I say this because the more I look at the origins of Anglicanorum coetibus, the bigger the air of unreality that seems to surround it. Consider a major principle that governs the (largely theoretical) admission of existing Anglican parishes into the ordinariate. Such a parish must have no litigation associated with it. But we know from more than four decades of experience that The Episcopal Church does not allow existing parishes to leave the denomination with their property or endowment without litigation.
In an e-mail exchange I had in 2012 with Mrs Chalmers, the canon lawyer who was over her head in a situation that would result in litigation, she said, "We don't have the money for litigation". Well, doesn't that say something? The CDF had written an apostoilic constitution that allowed Episcopalian parishes to become Catholic, that is, if they could do it without being sued. Hey, I'd like to drive a Maserati, that is, if I can do it without that pesky car payment.
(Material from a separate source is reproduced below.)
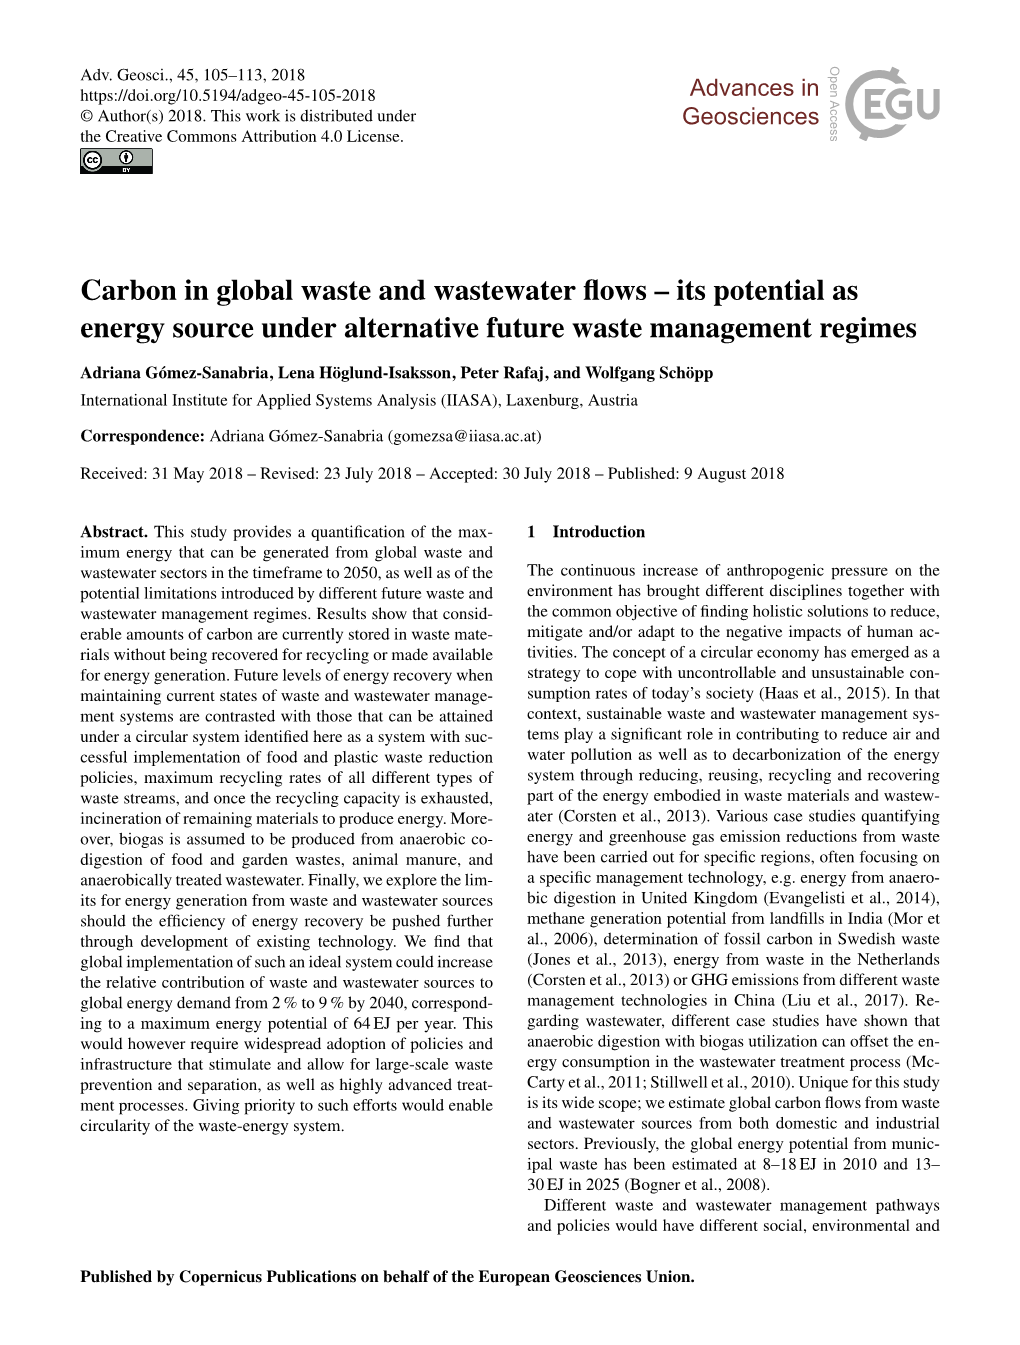 Carbon in Global Waste and Wastewater Flows – Its Potential As

As I said yesterday, the big thing Steenson and Clarence Pope didn't bring with them to their meeting with Cardinal Ratzinger was at least $100 million in pledges. Otherwise, this whole idea was just blowin' smoke, and smoke to a particular kind.
Fast forward to 2007. Nothing had changed, except that apparently Cardinal Law had phoned up Steenson to say, OK, His Holiness has greenlighted the big project, c'mon over! In 2007, Steenson was 55, the minimum age for early retirement. But he had a private plane to support, and any subsequent benefits he got as a Roman Catholic priest would not cover his wife. I've got to think he was taking a financial hit to do this, but the story up to 2007 was that Steenson traveled first class.
A visitor reports that sometime prior to 2007, Bishop Steenson remakred at a private meeting that he had "changed his mind" on women's ordination and now tentatively in favor of it. The visitor remarked that for much of the 1990s he was Rector of St. Andrew's Fort Worth, a church which in its earlier days had been quite "high church" but in the 1940s and 50s had become much more middle-of-the-road, and is now consciously low church. It was long one of the "high society" churches of Fort Worth.
As rector, Steenson wrote articles on his "renewed appreciation" of the value of the XXXIX Articles, and I'm told that, still characterizing himself as an Anglo-Catholic, he advocated that Anglo-Catholics should eschew practices which, although good and laudable in themselves, would alienate their Evangelical Anglican brethren and get in the way of their collaborating effectively against "liberalism" in the Anglican Communion. The example he gave was the practice of "Benediction of the Blessed Sacrament" - which he insisted that Protestant Anglicans could not understand and would never accept.
So in many ways, he was theologically all over the map, and he often did what was convenient. The reason he gave in The Causes Of My Becoming Catholic was a last-straw obscure procedural move in the TEC House of Bishops -- he'd already called those who objected to Gene Robinson's consecration schismatics.
So my inner detective wants to know: Why did Steenson really resign as Episcopal Bishop of the Rio Grande when he must have fully understood the project as approved could never succeed as a practical matter?